После того, как я отвезла Мию в садик, я вернулась домой и почувствовала, как тишина дома давит на меня. Я не могла больше держать всё в себе. Марк отрицал свою причастность, но его насмешка всё ещё звенела в ушах. Ник был светлым пятном, но я не была готова делиться с ним своими страхами. Оставалась Сара. Её забота в парке, её внимательный взгляд — они смущали меня, но она была моей подругой. Может, она могла помочь мне разобраться.
Я набрала её номер, и она ответила после второго гудка. «Елена, привет!» — её голос был таким же тёплым, как всегда, но я уловила лёгкую усталость. — «Как дела? Мия всё ещё королева парка?»

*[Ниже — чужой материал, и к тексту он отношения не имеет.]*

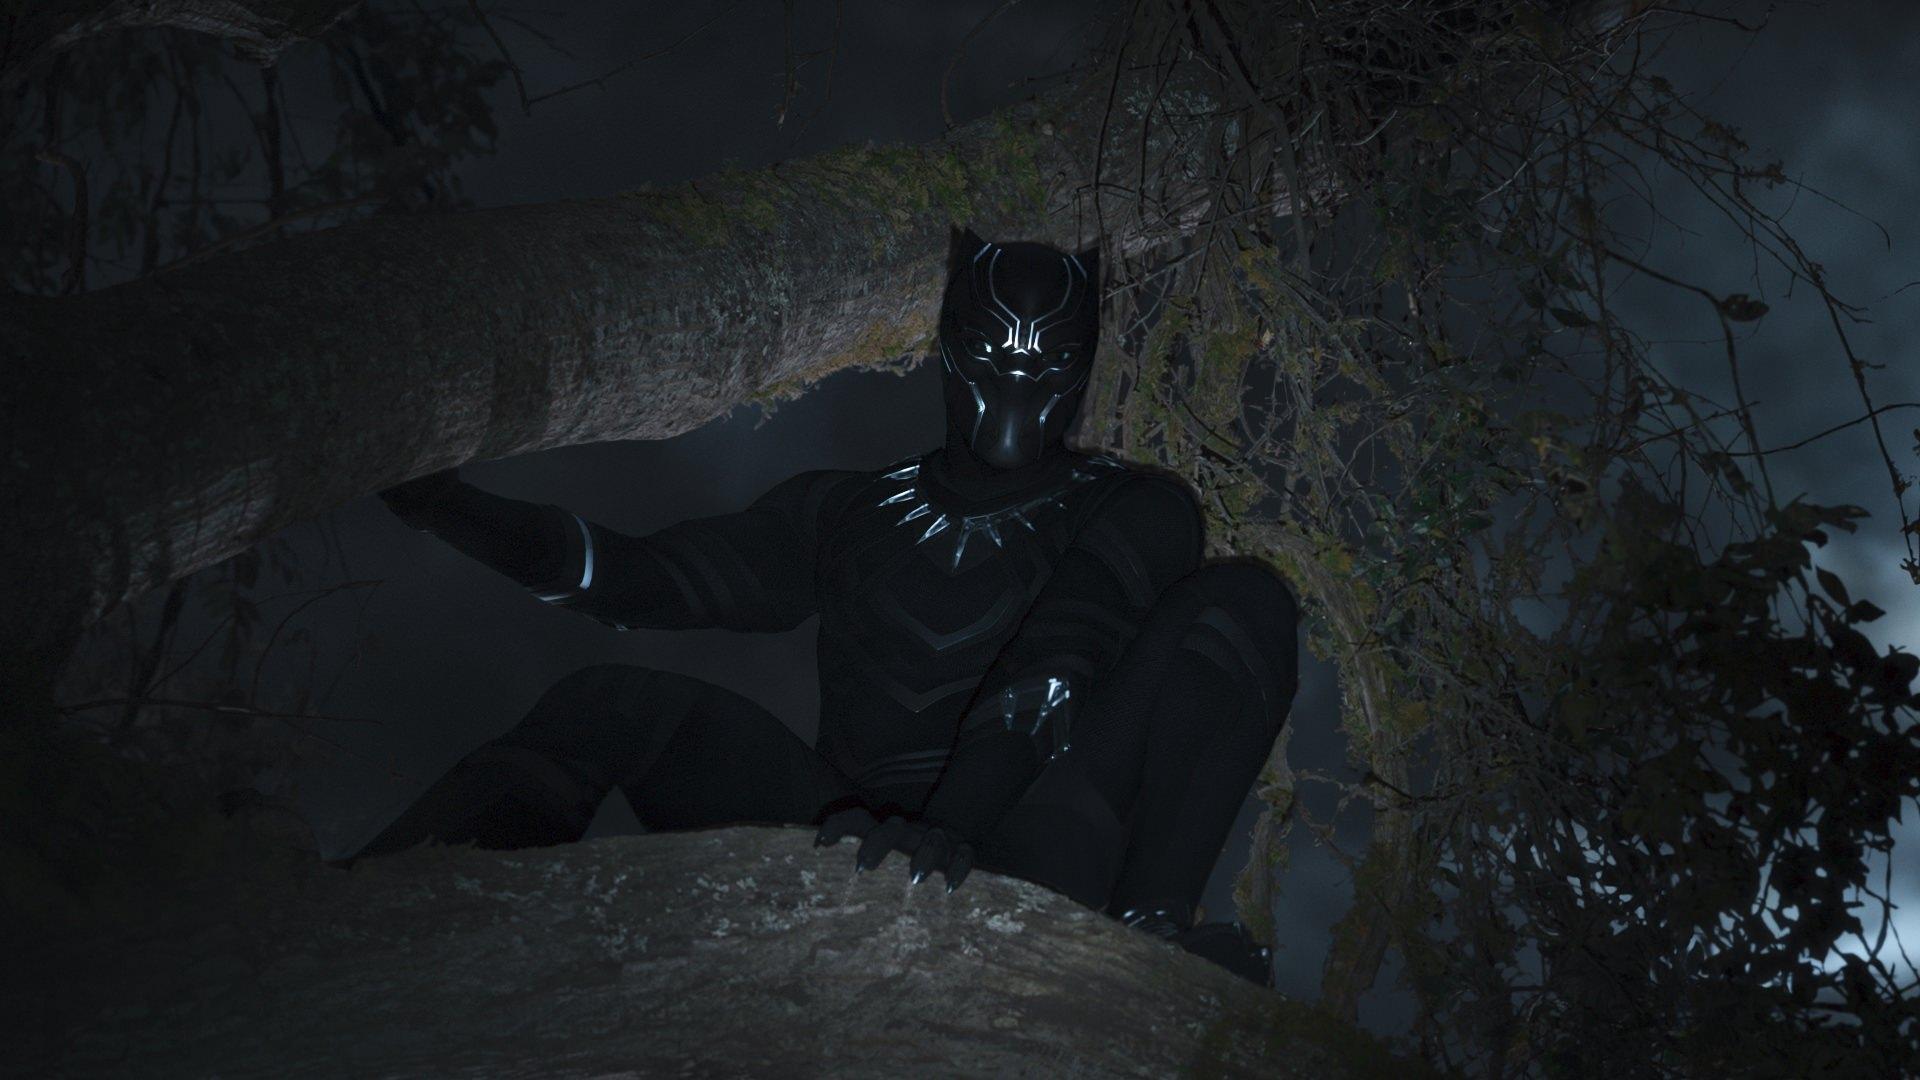 Black Panther Laptop Wallpapers Top Free Black Panther Laptop
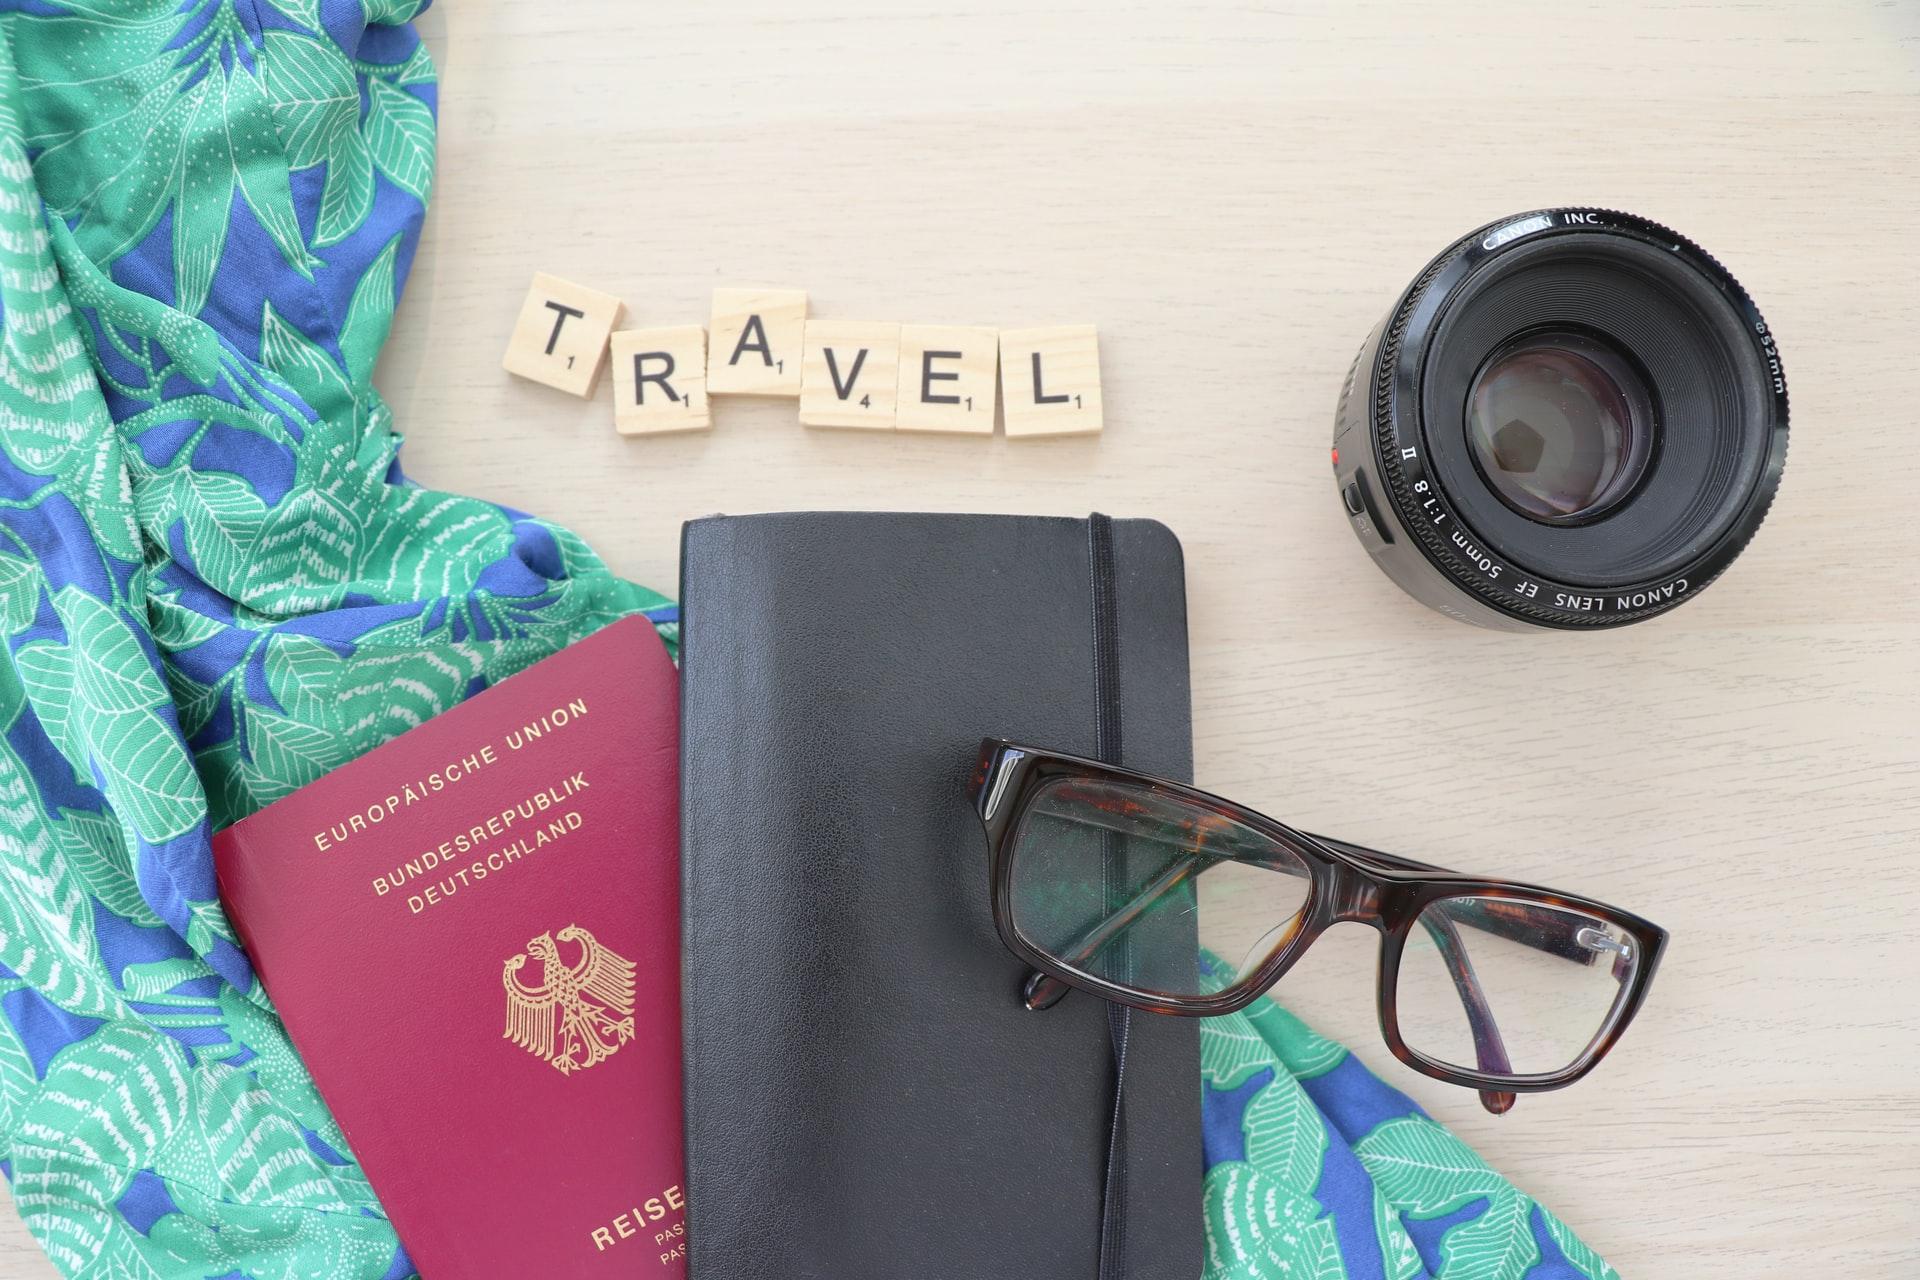 Гражданство за инвестиции: как купить паспорт? (часть 2 из 3) - 2

Я улыбнулась, несмотря на ком в горле. «Она теперь пират», — ответила я, садясь на диван. — «Сара, ты свободна? Мне… нужно поговорить».
«Конечно», — сказала она, и я услышала, как она отодвигает стул. — «Хочешь, я заеду? Или встретимся где-нибудь?»
«Можно у меня», — ответила я. — «Если тебе не сложно».
Через час Сара была у меня. Она принесла коробку с домашним печеньем, которое пахло ванилью и корицей, и мы сели на кухне, с кружками чая. Её светлые волосы были собраны в небрежный пучок, а глаза смотрели на меня с той же заботой, что и в парке. Но теперь я видела в них что-то ещё — как будто она искала что-то в моём лице.
«Так что случилось?» — спросила она, отпивая чай. — «Ты выглядишь, как будто не спала неделю».
Я сжала кружку, чувствуя, как слова застревают в горле. Я не знала, с чего начать, но решила быть честной. «Сара, я… мне кажется, я схожу с ума», — сказала я, и мой голос был тише, чем я хотела. — «Дома происходят странные вещи. Открытые окна, записки, чашка Мии разбита. Кто-то оставляет мои старые вещи — открытки, браслет, заколку. И записки… они просто появляются. Я замолчала, глядя на её реакцию.
Сара нахмурилась, её пальцы замерли на кружке. «Записки? Какие записки?» — спросила она, и её голос был осторожным, как будто она боялась спугнуть меня.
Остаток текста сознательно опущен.